In the last post on Kubernetes I rambled about the different components that make up a Kubernetes cluster. In this (shorter) post, I'm going to ramble about the different constructs available to the developer attempting to deploy a container. This article is written from the perspective of Kubernetes 1.20.
Pods are the smallest logical object at play. Fundamentally, a pod is a thing that contains one or more containers. The containers in a pod are isolated together. Every container in a pod is equal - if one container is unhealthy, the pod is unhealthy. There's quite a few guides that use the term ‘side-car’ seemingly oblivious to that fact.
Containers in a pod do not share a file-system, or a process list, or awareness of the state of the other container. They are however always scheduled on the same node (allocation to a node is done by pod, not by container), share the same constraints, share an address, and also (importantly) share a loopback network interface. The classic example where you would want to utilise this loopback would be a pod with two containers, one of which is MariaDB, accessible only to the other container on 127.0.0.1:3306.
Pods are not an object you want to create by hand in most circumstances. They bring with them very little logic, and they should be considered ephemeral. When they die, they're gone. Thusly, if you're looking for a pod to always exist, something else needs to be responsible for ensuring that.
Pods are referenced by identity and namespace. I wont cover namespaces here, as what is namespaced and what is not namespaced is not a cut and dry topic. I'm using identity rather than name, as it is more accurate - but we're really just talking about how you reference the pod with kubectl, and what hostname is presented inside the containers in the pod. An example of an identity is something like my-cool-pod-hrxle2n. That, in additional to namespace, constitutes part of an A record by which you can find that specific pod's address.
A deployment is an object that contains a pod template and a count of replicas. The pod template is, as it sounds, a template for a pod object. The count of replicas refers to the number of pods to be created from that template.
As deployments exist above pods (in a logical sense), the failure of a pod can be picked up by the deployment controller (see part 1) and handled in line with the instructions in the deployment object. You have four pods, one pod dies, your deployment object specifies there should be four replicas, so it creates a new pod to replace the dead pod.

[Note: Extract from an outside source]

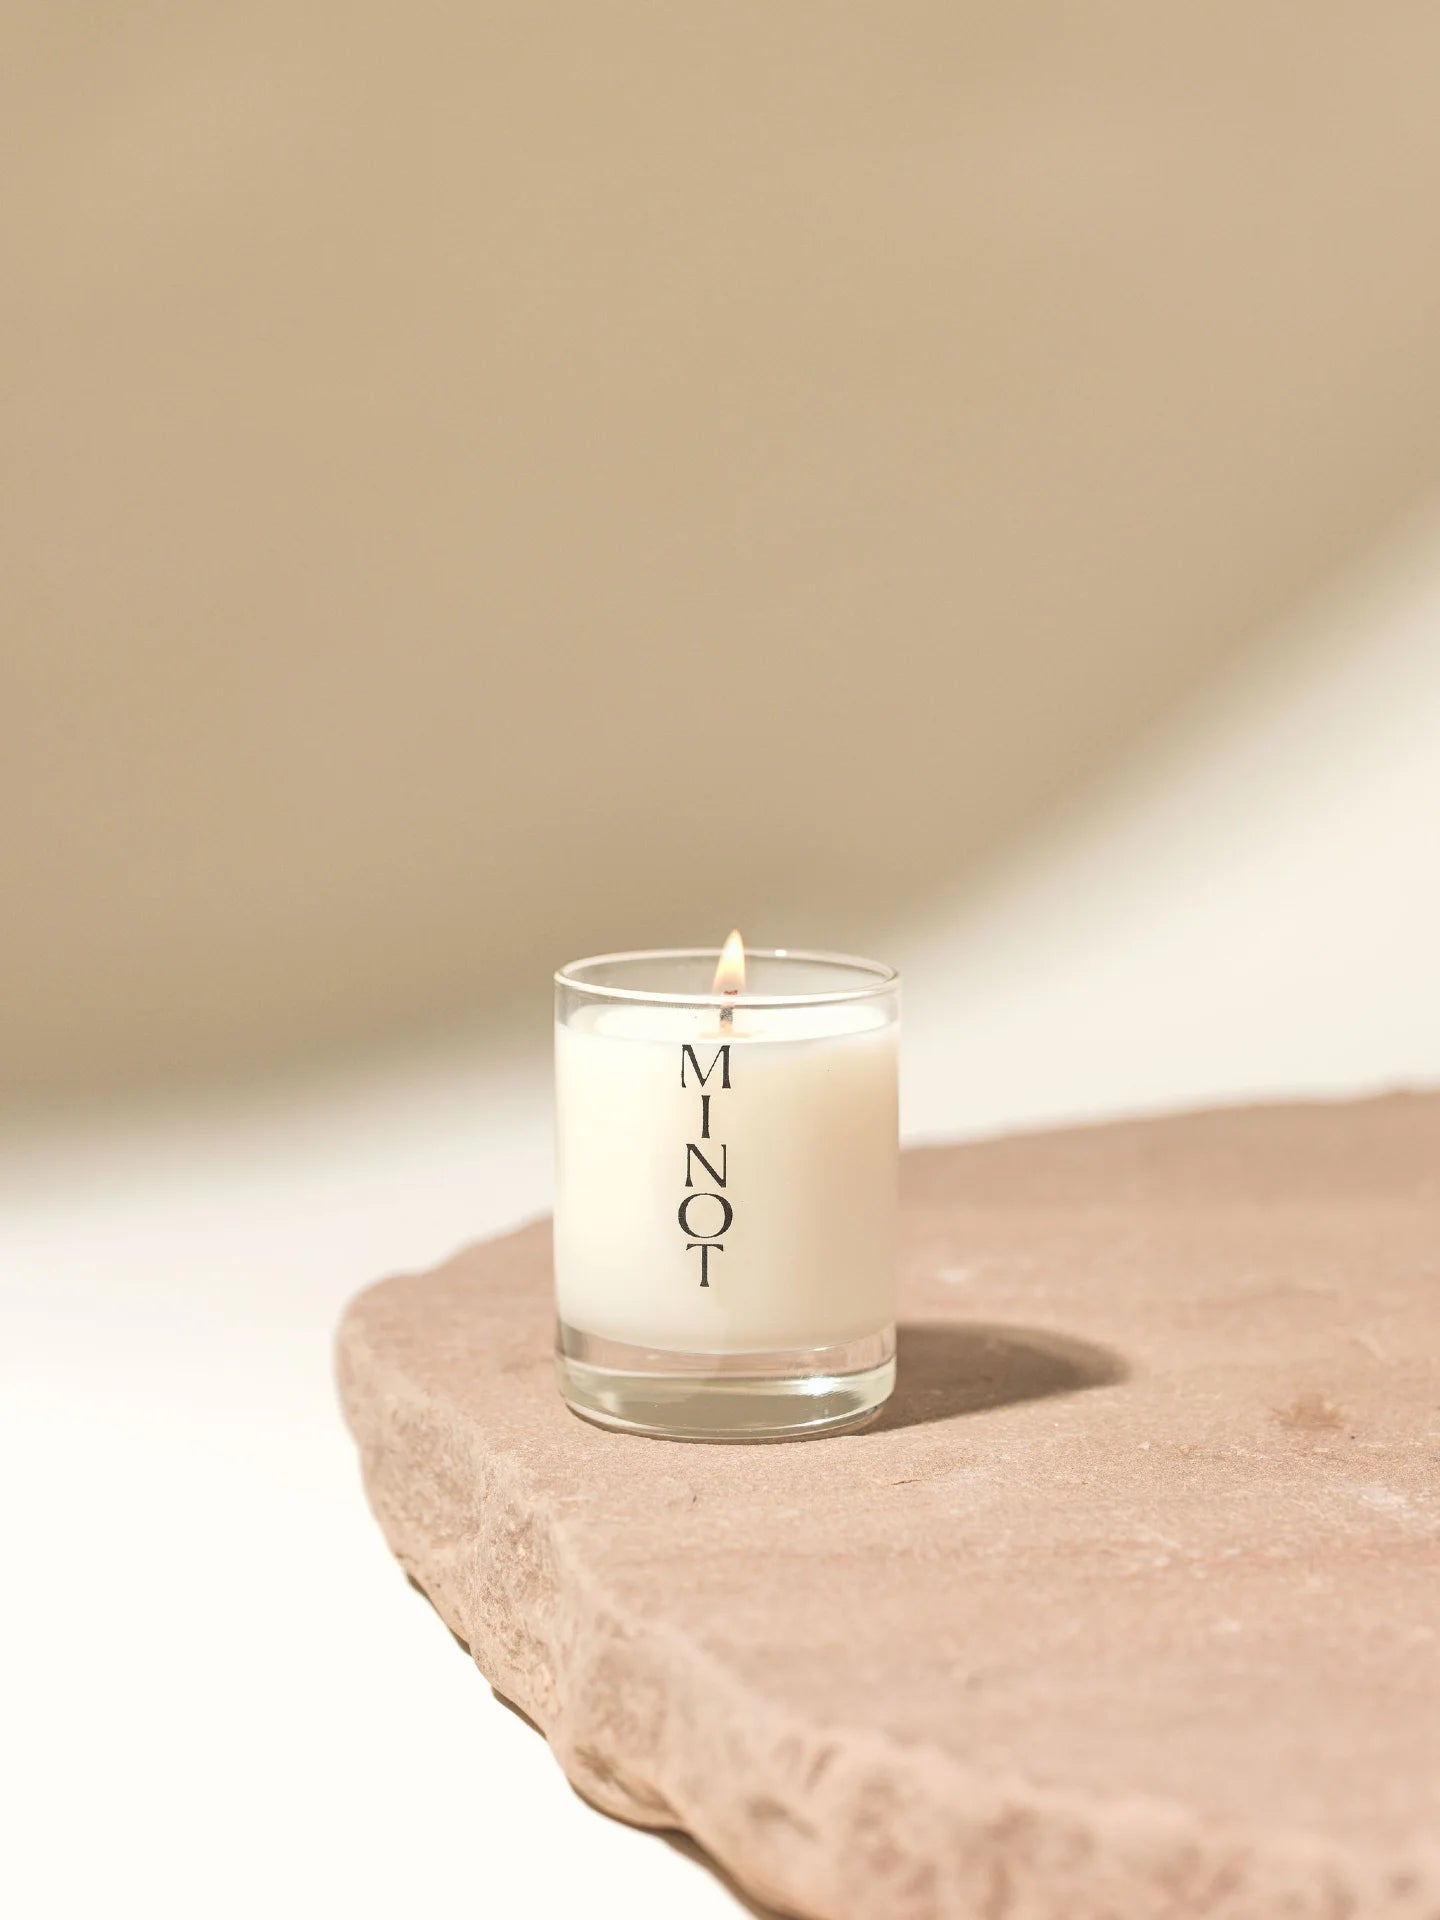 The Voyage Mini soy wax votive offers a fragrant blend of coconut, cedar, vetiver, and amyris

Deployments are not stateful. When a deployment creates a pod, it will create a new pod with a new identity and potentially a new address. This pod may run on a different node, or it may run on the same node. There are no guarantees of consistency in these terms with a deployment.
When the pod template in a deployment object is changed, the controller knows to replace the running pods with new pods matching that new template. The default behaviour of a deployment is to spin up new pods and then delete the old pods, one at a time.
Bottom line: Use a deployment unless you know the rescheduling of your application onto a different node, with a different identity, would be a problem. Updates are not disruptive by default.
StatefulSets exist to provide the consistency lacking above. In practice, a StatefulSet is a deployment that knows to maintain pod identity. On top of that, it also makes an effort when creating pods to see them scheduled on the same node. I say effort as I'm not entirely certain this is absolute - when I started using Kubernetes, a statefulset pod on a dead node would be rescheduled elsewhere. That appears to not be the case, and the pod will remain in a failed state until the node resumes operation, or the node is removed, or the pod is force deleted. But I haven't tested it myself.
Whereas a deployment would generate pods with identities like “my-cool-pod-jx1gsk1n”, a stateful set generates pods with predictable identities like “my-cool-pod-0”, “my-cool-pod-1”, and so on. The number at the end is the ordinal, and increments in line with the number of replicas specified in the object.
This sort of statefulness is explicitly useful when dealing with services like etcd, which needs a persistent data store on top of a persistent identity.
When the pod template in a statefulset is changed, much like a deployment, the old pods are killed. It is impossible to have two pods with the same identity running at the same time, so the old pod is deleted first, after which the new pod is started. This downtime is non-negotiable, but can be managed and mitigated.
Bottom line: Use a stateful set when you need an instance of your application to have an identity that will be maintained between restarts. Updates are disruptive by default.
DaemonSets are the last object of concern. Speaking loosely, if you were to pin the number of replicas in a deployment to the number of nodes in the cluster (or a specific segment of nodes in the cluster), you'd have a daemonset.
In practice, the common usage of a daemonset is to do things on the node in question. If you read part 1, you'll already know the example of node-proxy, which manages iptables rules in line with services. You are by no means restricted to this - if you want to run a pod on every node labelled “database”, and add additional pods as new nodes with that label are added, a daemonset will handle that.
DaemonSets by default act like deployments, in that replacement pods are brought up before their predecessor is killed. However it's worth knowing that the scheduling of DaemonSet pods isn't normal, and pods in a daemonset dont follow the flow of states that apply to regular pods (there's no ‘Pending’ state, as the pod is always allocated).
Bottom line: Unless you're working at scale, I'd just use a deployment configured to run a number of replicas equivalent to your node count, and ensure there's one per node through either a toleration or a pod topology spread constraint (see you in part 3).